2. The liquid level sensor of claim 1 wherein the housing further comprises a main portion and a cover defining a cavity.
3. The liquid level sensor of claim 2 wherein the main portion has a bottom wall and a side wall extending circumferentially from the bottom wall.
4. The liquid level sensor of claim 3 wherein conductive pins pass through the bottom wall and electrically couple the inner and outer tubes to the circuitry.
5. The liquid level sensor of claim 2 further comprising an electrical connector housing being integrally formed in the cover.
6. The liquid level sensor of claim 5 wherein contacts in the electrical connector housing are electrically connected to the circuitry through the cover.
7. The liquid level sensor of claim 6 wherein the cover is secured to the main portion along flanges formed in the main portion and cover.
8. The liquid level sensor of claim 7 wherein the cover is secured to the main portion by an ultrasonic weld.
9. The liquid level sensor of claim 4 further comprising tube positioning features extending outward from the bottom wall for engaging the inner and outer tubes.
10. The liquid level sensor of claim 9 wherein the inner and outer tubes are secured by a crimp located in the vicinity of the positioning features.
11. The liquid level sensor of claim 9 further comprising an end cap located on a distal end of the inner and outer tubes.
12. The liquid level sensor of claim 11 wherein the end cap has a main wall with a central opening formed therein to allow fluid to pass inside the inner tube from the distal end.
13. The liquid level sensor of claim 12 wherein the end cap further comprises an alignment projection extending from the main wall to a location between the inner and outer tubes.

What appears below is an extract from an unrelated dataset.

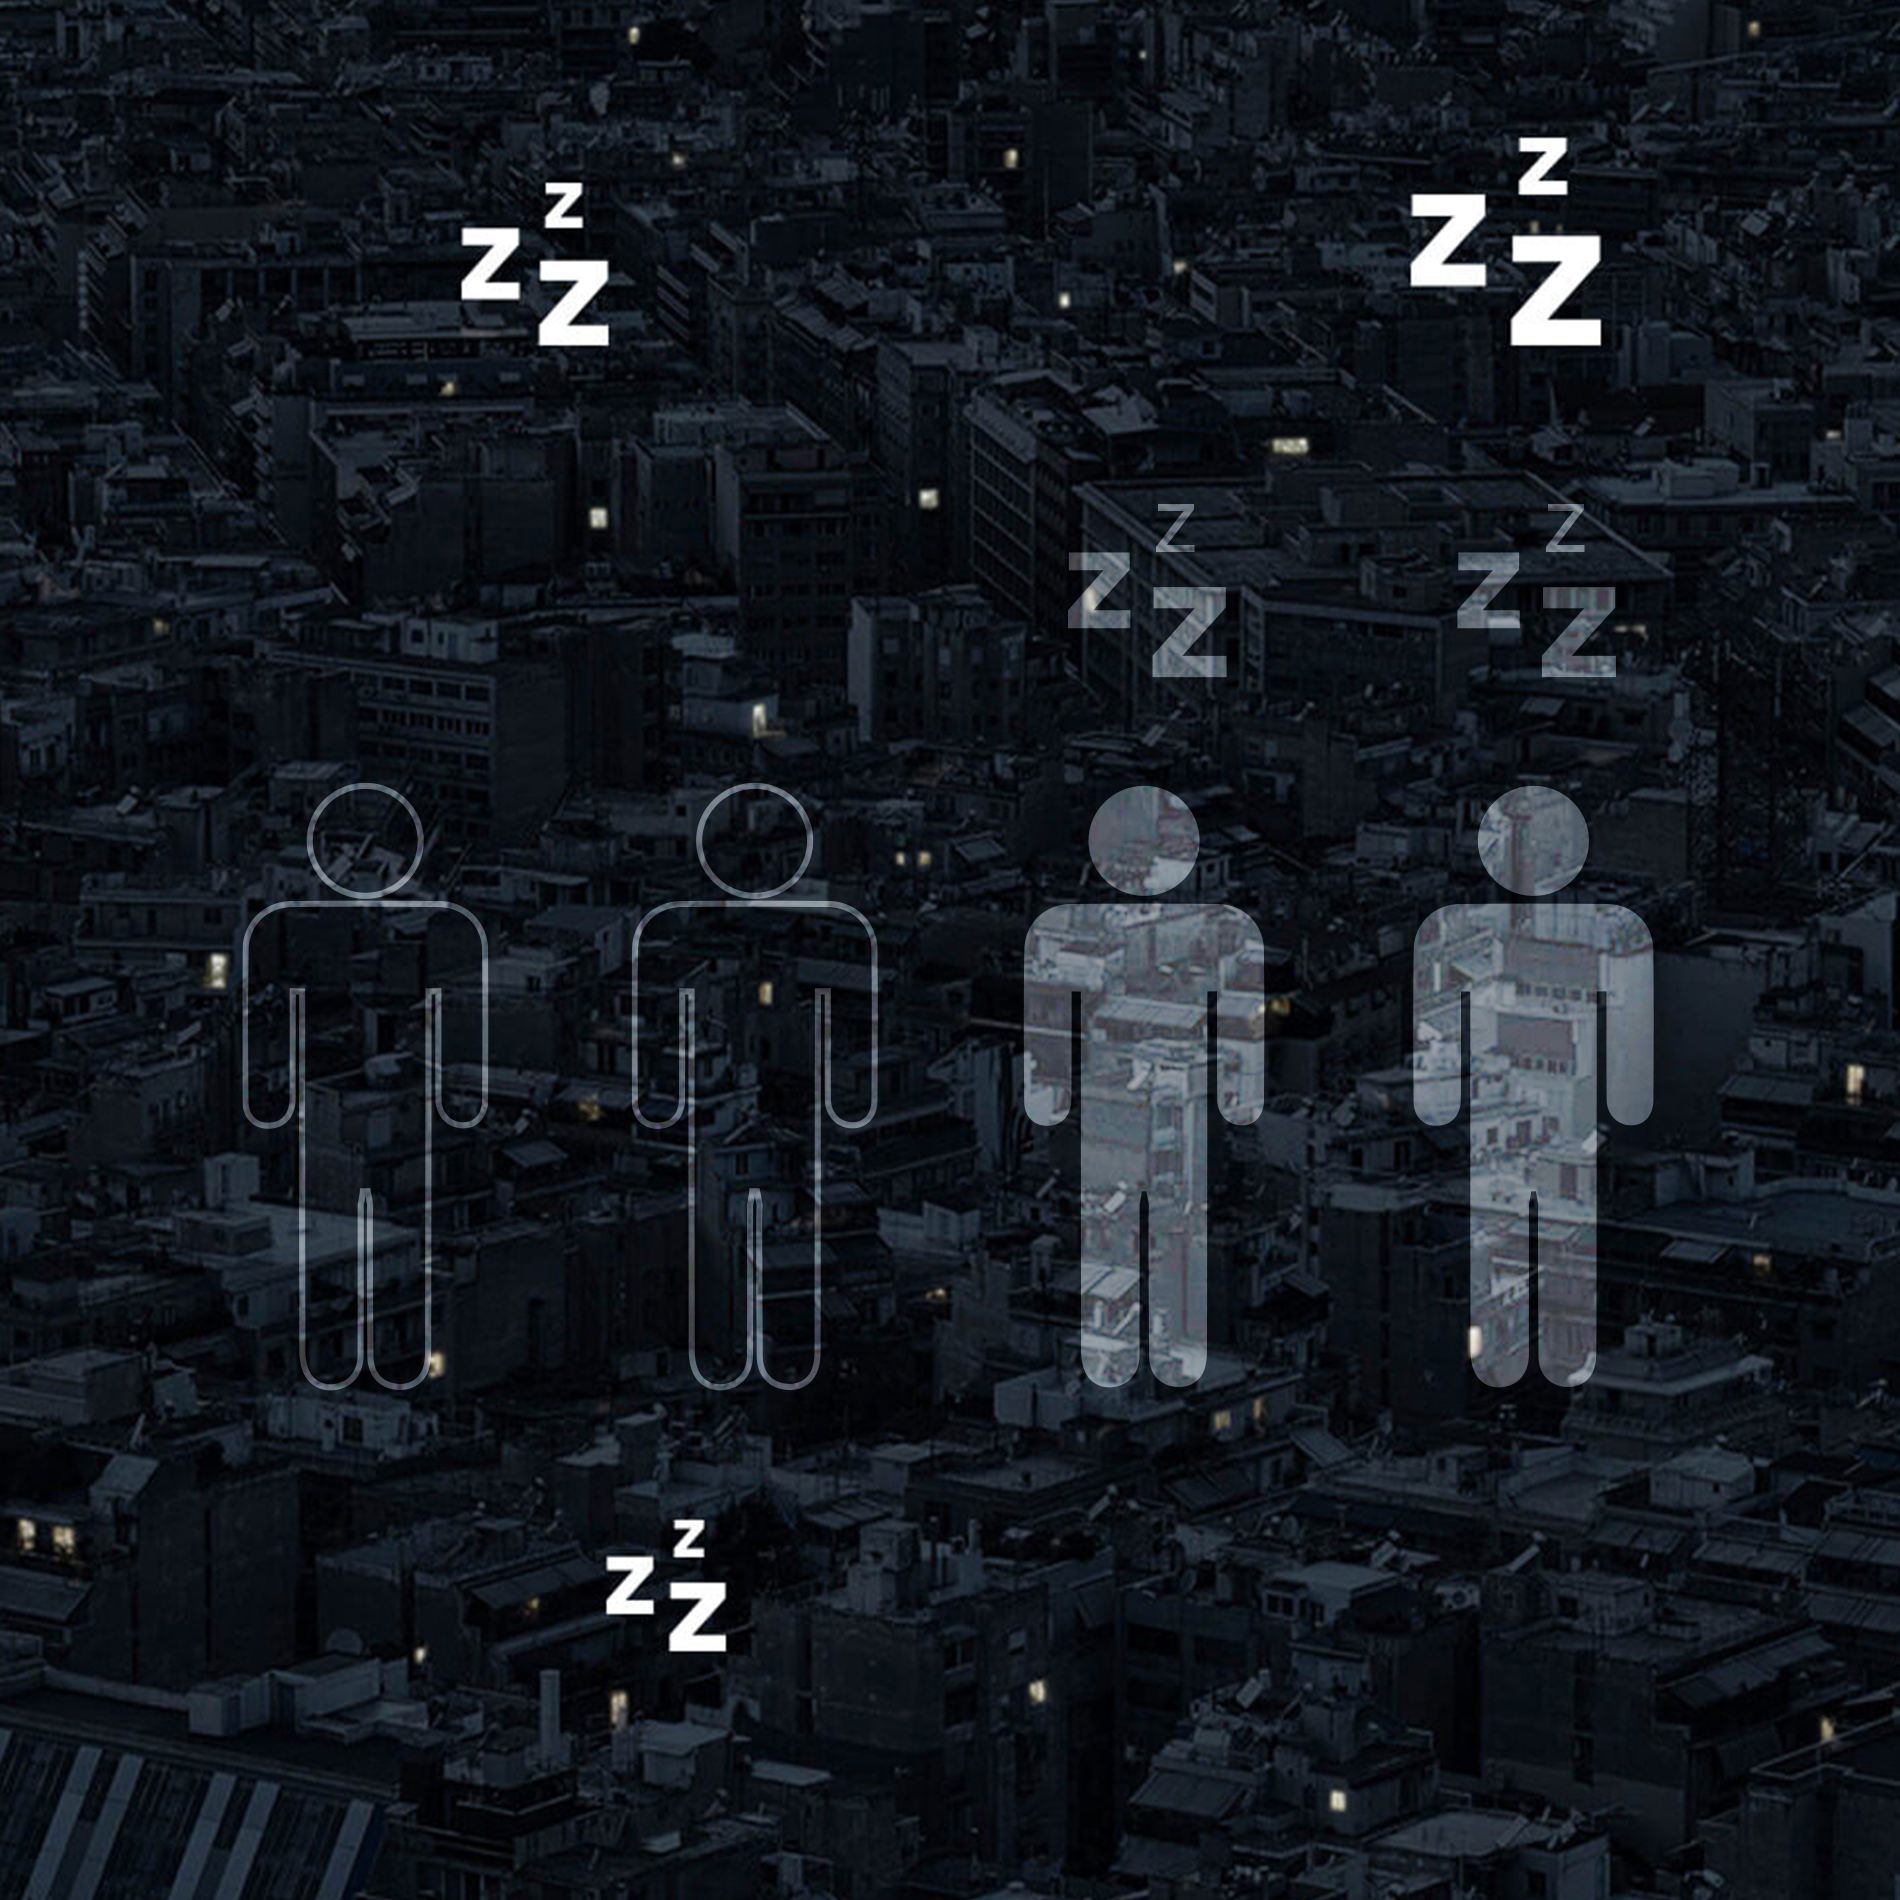 Karte bei Nacht mit vier Personen als Icons, zwei als Umriss und zwei weiß gefüllt | mey®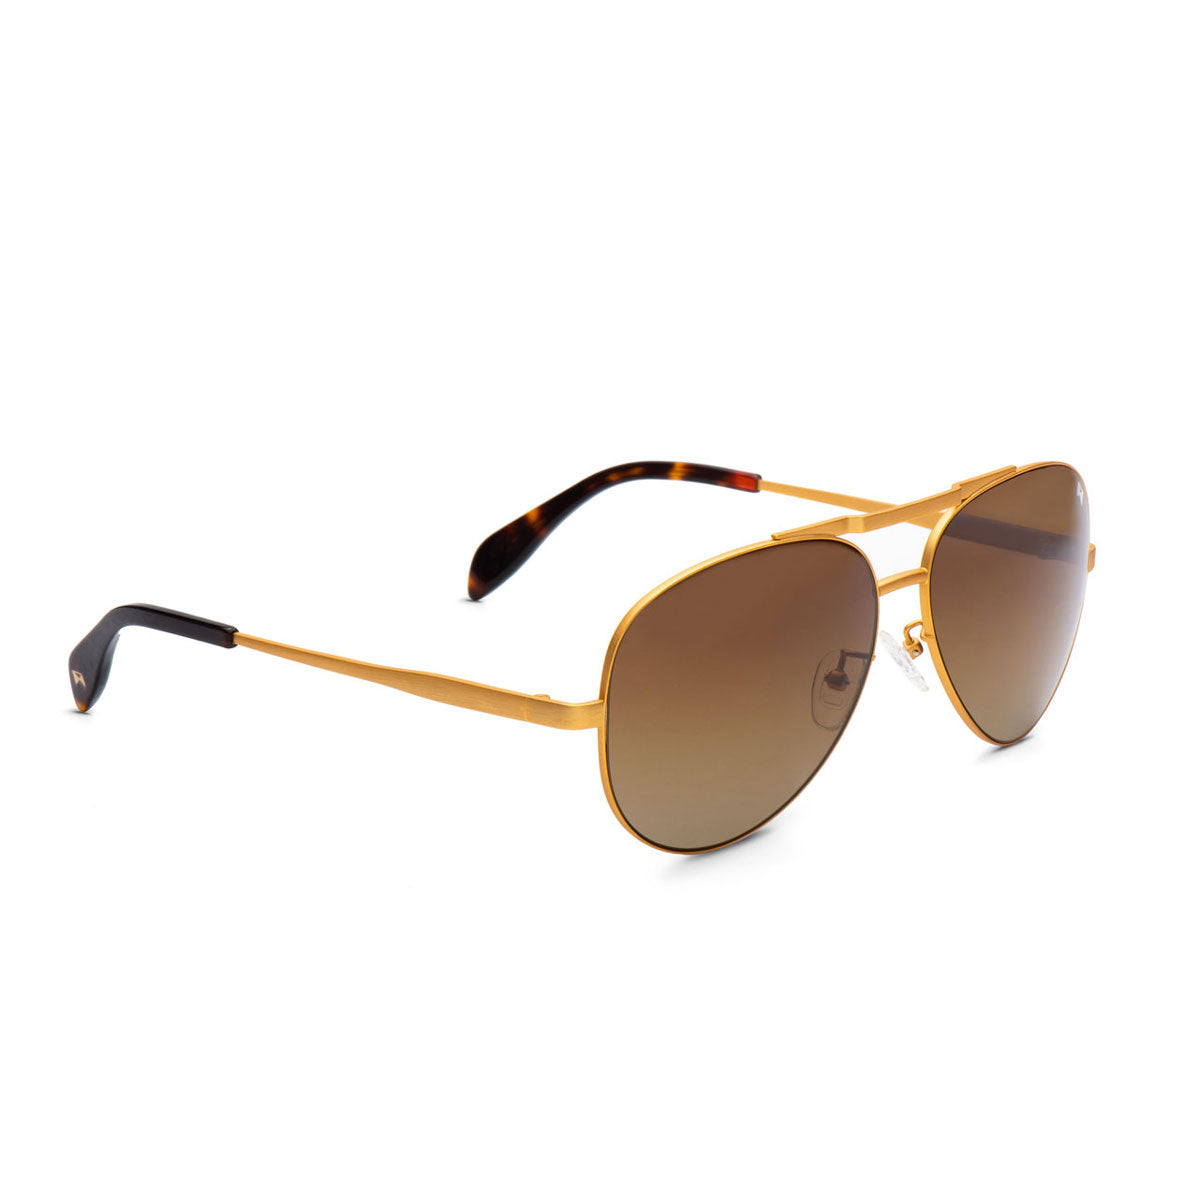 Sunglasses, The Hughes Polarized Lens Titanium Metal Sunglasses, William Painter, Gold/Brown, Adult, unisex

14. The liquid level sensor of claim 13 further comprising a minor opening formed in the alignment projection allowing passage of fluid from the distal end into an area between the inner and outer tubes.
15. The liquid level sensor of claim 14 wherein the end cap is secured to the inner and outer tubes by a crimp.
16. A liquid level sensor comprising:
a housing having a main portion and a cover defining a cavity therebetween;
a circuit board being positioned in the cavity;
a plurality of pins being electrically connected to the circuit board and extending through the main portion; and
tubes extending outward from the main portion to form a capacitance therebetween and being electrically connected to the pins.
17. The liquid level sensor of claim 16 further comprising an electrical connector housing being integrally formed in the cover.
18. The liquid level sensor of claim 17 wherein contacts in the electrical connector housing are electrically connected to the circuit board through the cover.
19. The liquid level sensor of claim 18 wherein the cover is secured to the main portion along flanges formed in the main portion and cover.
20. The liquid level sensor of claim 19 wherein the cover is secured to the main portion by an ultrasonic weld.
21. The liquid level sensor of claim 20 further comprising tube positioning features extending outward from the main portion for engaging the tubes.
22. The liquid level sensor of claim 21 wherein the tubes are secured by a crimp located in the vicinity of the positioning features.
23. The liquid level sensor of claim 22 further comprising an end cap located on a distal end of the tubes.
24. The liquid level sensor of claim 23 wherein the end cap has a main wall with a central opening formed therein.
25. The liquid level sensor of claim 24 wherein the end cap further comprises an alignment projection extending from the main wall to a location between the tubes.
26. The liquid level sensor of claim 25 further comprising a minor opening formed in the alignment projection allowing passage of fluid from the distal end into an area between the tubes.
27. The liquid level sensor of claim 26 wherein the end cap is secured to the inner and outer tubes by a crimp.
28. A liquid level sensor comprising:
a housing having a main portion and a cover defining a cavity therebetween;
a circuit board being positioned in the cavity;
a plurality of pins being electrically connected to the circuit board and extending through the main portion; and
an electrical connector housing being integrally formed on an outer surface of the cover having contacts which are electrically connected the circuit board.
29. The liquid level sensor of claim 28 further comprising conductive tubes extending outward from the main portion to form a capacitance therebetween and being electrically connected to the pins.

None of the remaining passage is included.